666

MORGAN and others v. EGGERS.

Circuit Court, D. Indiana.

June 24, 1884.

1. EJECTMENT—FINDING AND JUDGMENT AS TO PART OF PREMISES.

In an action of ejectment tried by the court, the finding and judgment may be given (in one sentence) for the plaintiff for a part of the premises described In the complaint, and such finding will not be construed to be an unqualified finding for the plaintiff in respect to the entire premises.

2. SAME—USE OF THE WORD “FENCE.”

It is competent for the court, under the issue in ejectment, to find to what extent the defendant is guilty, and if, under the evidence, it appears that a fence has become the boundary of the unlawful occupation, it is proper that such fact should be mentioned in the finding and judgment of the court.

Motion to Amend Judgment.

U. J. Hammond, for plaintiff.

A. C. Harris, for defendant.

WOODS, J. Morgan and Smith sued Eggers in ejectment for the recovery of real estate, described as follows: All of the north part of lot 2, in section 36, etc., which lies west of the track of the Lake Shore & Michigan Southern Railroad, and north of a line parallel with the north line of said lot 2, and 753 feet south therefrom. The defendant answered by a general denial; and, upon the issue so joined, a jury being waived and trial had by the court, a finding and judgment of the tenor following were entered:

“Come the parties, and, by agreement, this cause is submitted to the court for trial; and the court, having heard the evidence, and being fully advised, finds for the plaintiff, and orders and adjudges that they are entitled to, and shall have and recover of defendant, the possession of so much of said lot two (2) as lies south of the south line of lot one, (1,) as indicated by a fence constructed and maintained by the defendant as and on on said south line,” etc.

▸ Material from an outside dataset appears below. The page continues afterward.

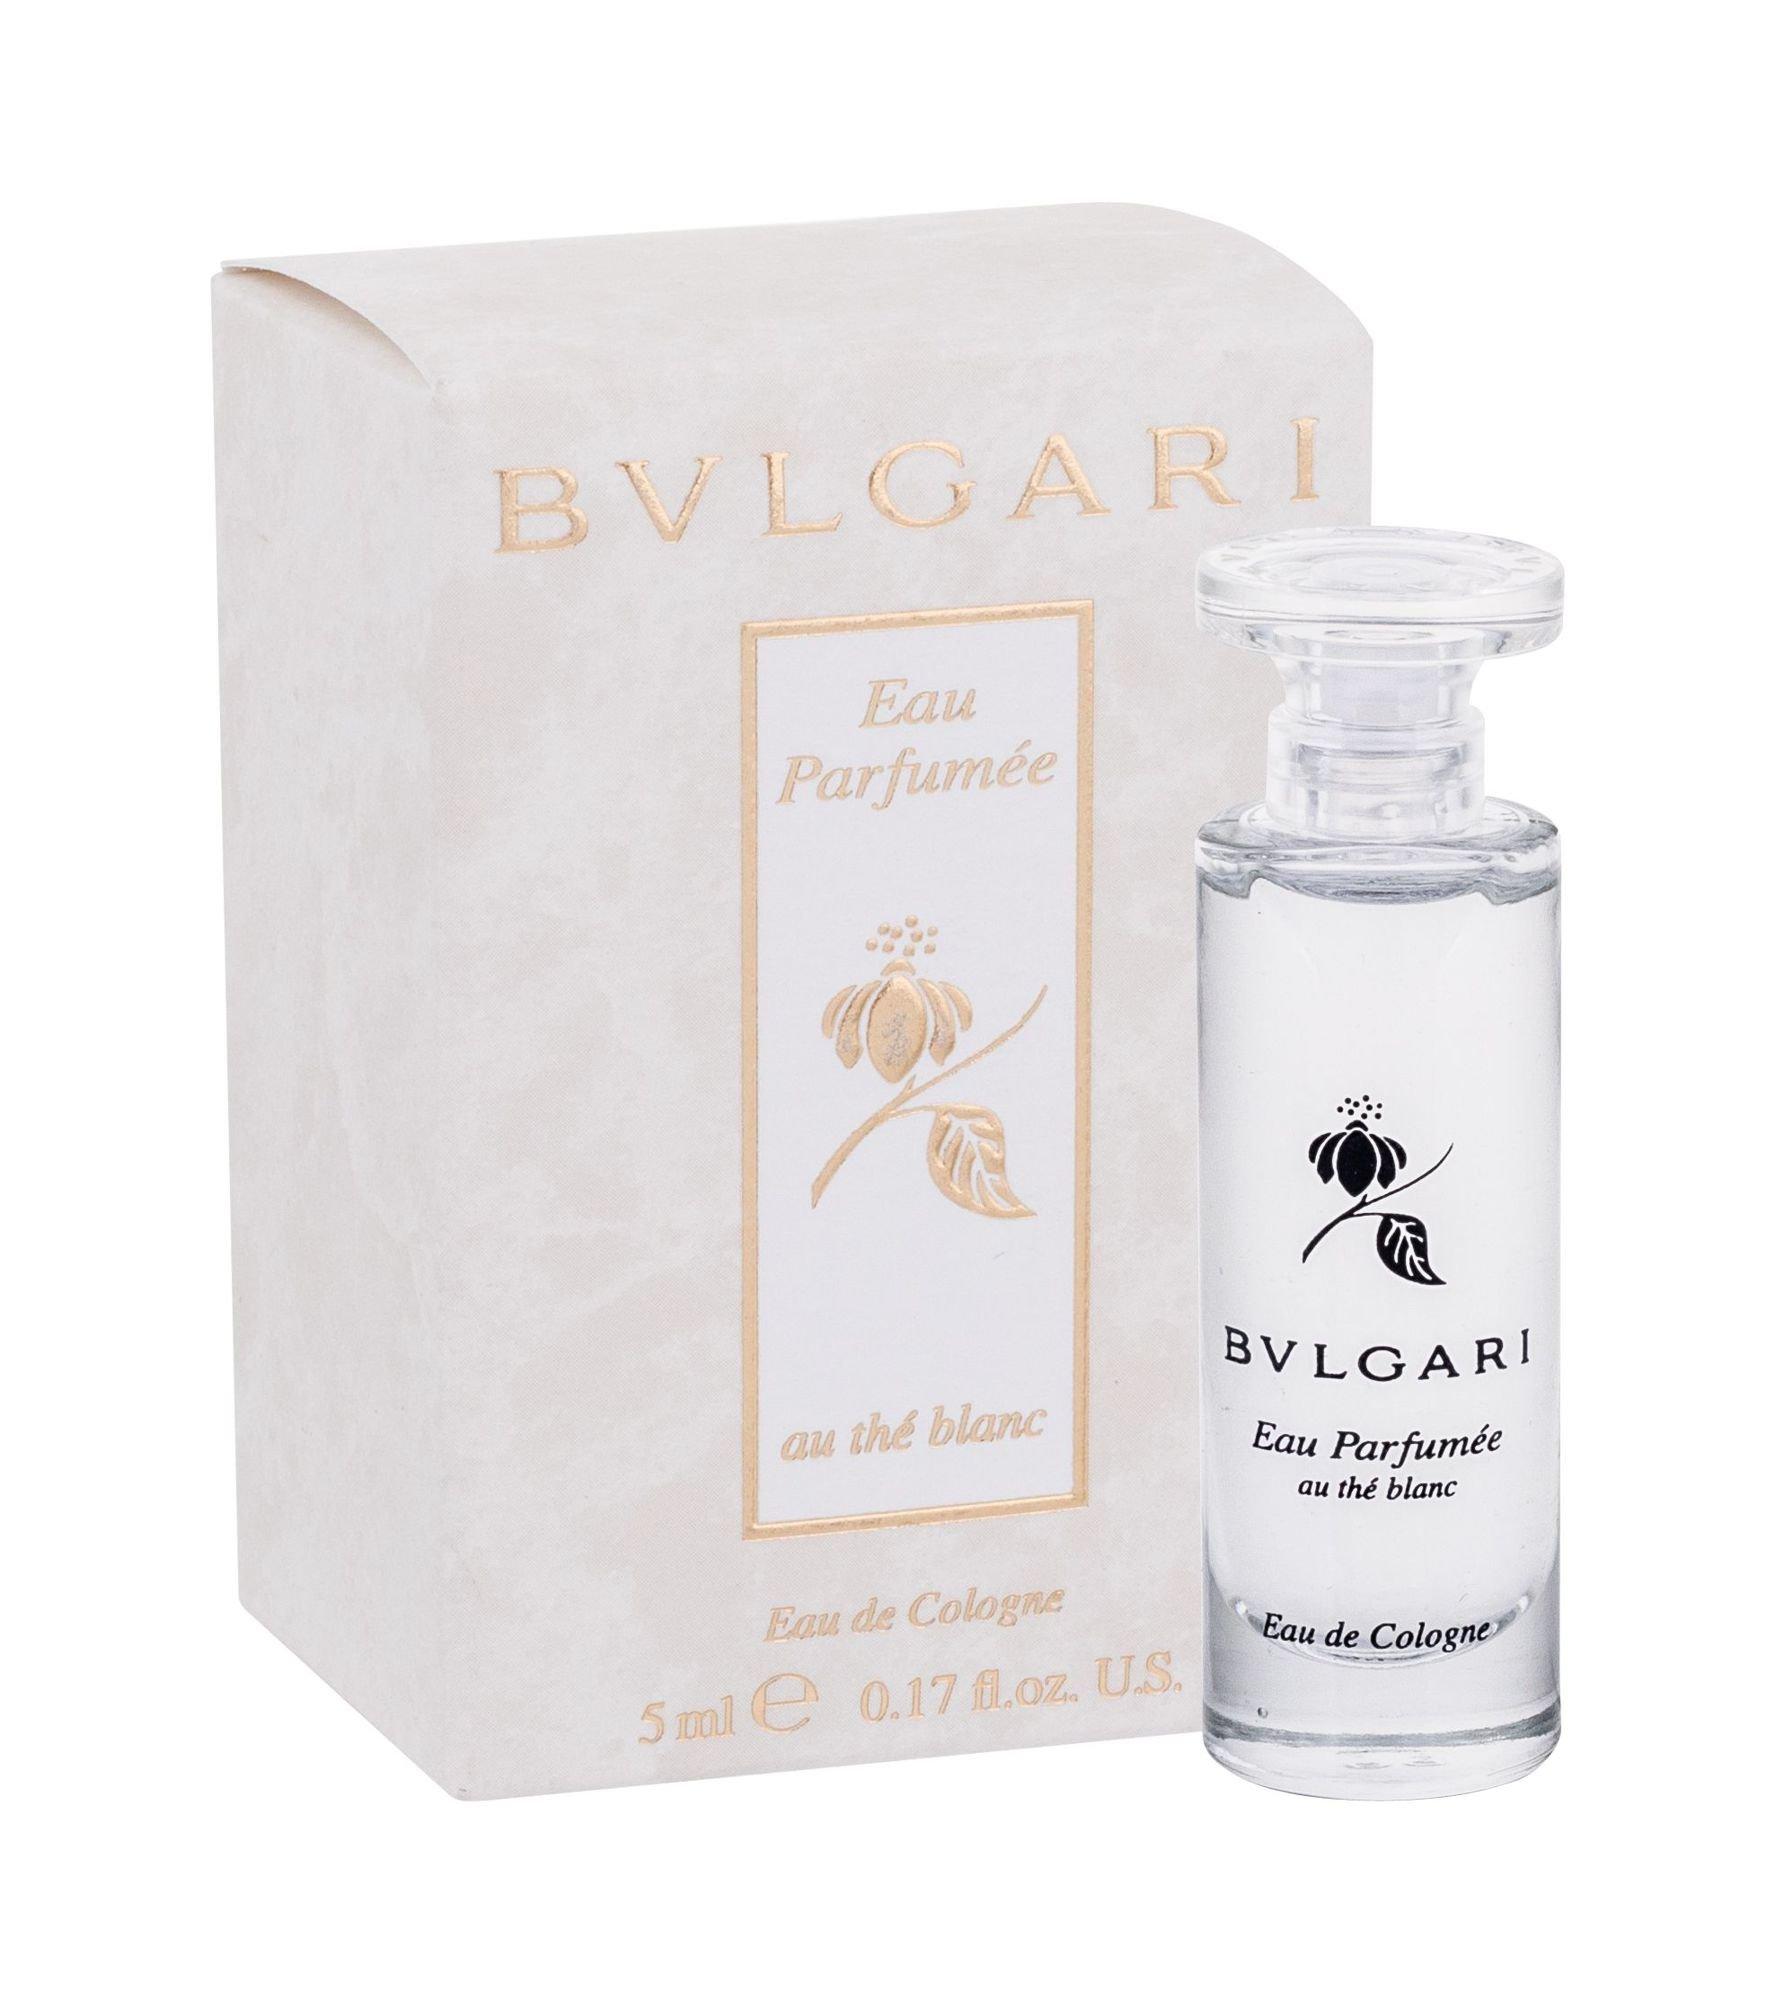 Bvlgari Eau Parfumée au Thé Blanc, Odstrek s rozprašovačom 3ml

The plaintiffs now insist that there is an unqualified general finding for the plaintiff, and that in conformity with this the judgment should have been for the recovery of the land as described in the complaint, and that so much of the description set forth in the judgment as refers to the fence constructed by the defendant should be expunged. It was competent for the court, under the issue, to find to what extent the defendant was guilty, or had held unlawful possession of the premises described, and if, under the evidence, it appeared that a fence had become or was the boundary of such occupation, it was proper that the fact should be stated in the finding and judgment of the court. The finding and judgment in this instance are not separate and distinct, as perhaps it would have been better to have had them. The meaning however is clear. It is as if the entry read in this way: “And the court having heard the evidence, etc., finds and orders and adjudges that the plaintiffs are entitled to and shall have and recover of the defendant,” etc.

The motion for correction is therefore overruled.